Bailey has seen some backlash in the form of "no hipster" graffiti around town, but he says Detroit and the new populations moving there have an opportunity to learn from other urban areas where large swaths of the existing population have been pushed out — think San Francisco or Brooklyn. "There are things and people already here. We have an opportunity to reflect on how we move forward by looking at other cities, we can be more strategic about it, working to grow and foster something together."
Whiskey making in Detroit might very well be poised for success, if history has any say about it. Distilling and drinking hooch has rarely fallen under the heading of an elite and precious activity, especially in Motor City. And few cultures known to alcohol have developed rituals of alcoholic enjoyment in isolation — drinking worldwide is a social act, one that could conceivably bridge different cultures over a barstool in a central market.
Drinking Detroit whiskey is the closest I'll get to a D-town experience this year.
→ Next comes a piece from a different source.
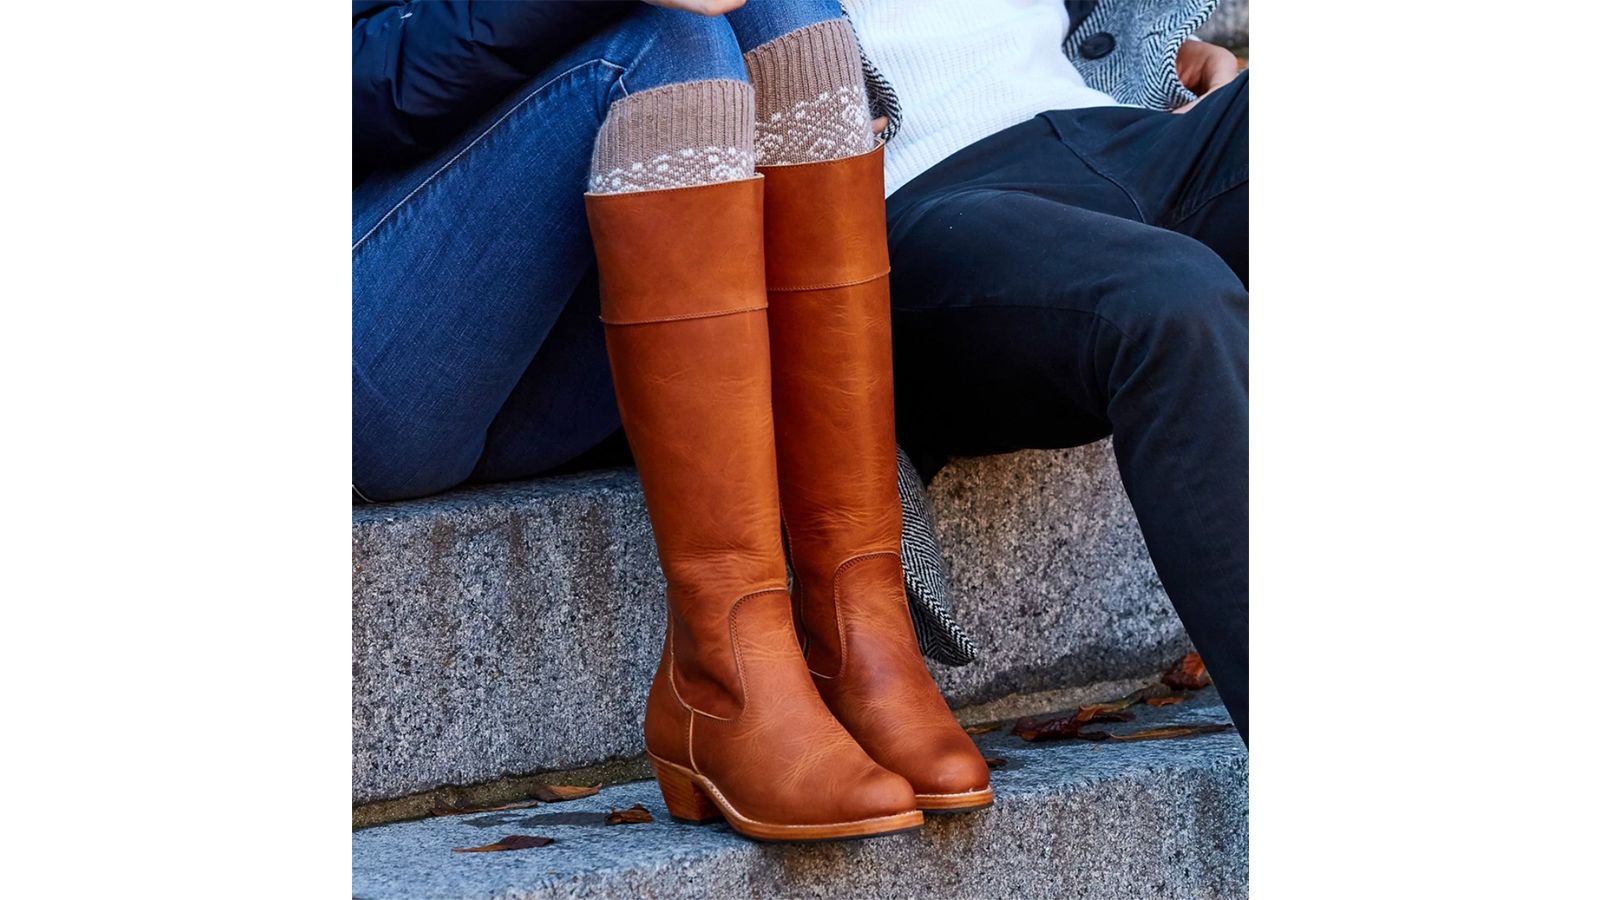 Late Wide Calf Boot, Women's Slouchy Boots

As with all my favorite whiskies, how I feel when I drink them goes beyond the mere aromatic and taste properties and into something deeper. I'll sip Detroit City bourbon to reignite wonder over a giant tire and the cleverness of an egg smuggler. The young, rough-around-the edge quality will deliver a taste of Detroit optimism for the future, whose fate rests in the community who live there.
And what will that look like? "I don't know," JP Jerome tells me. "Maybe it will all be distilleries."
Heather Greene is a whiskey expert and the author of Whiskey Distilled: A Populist Guide to the Water of Life, out now.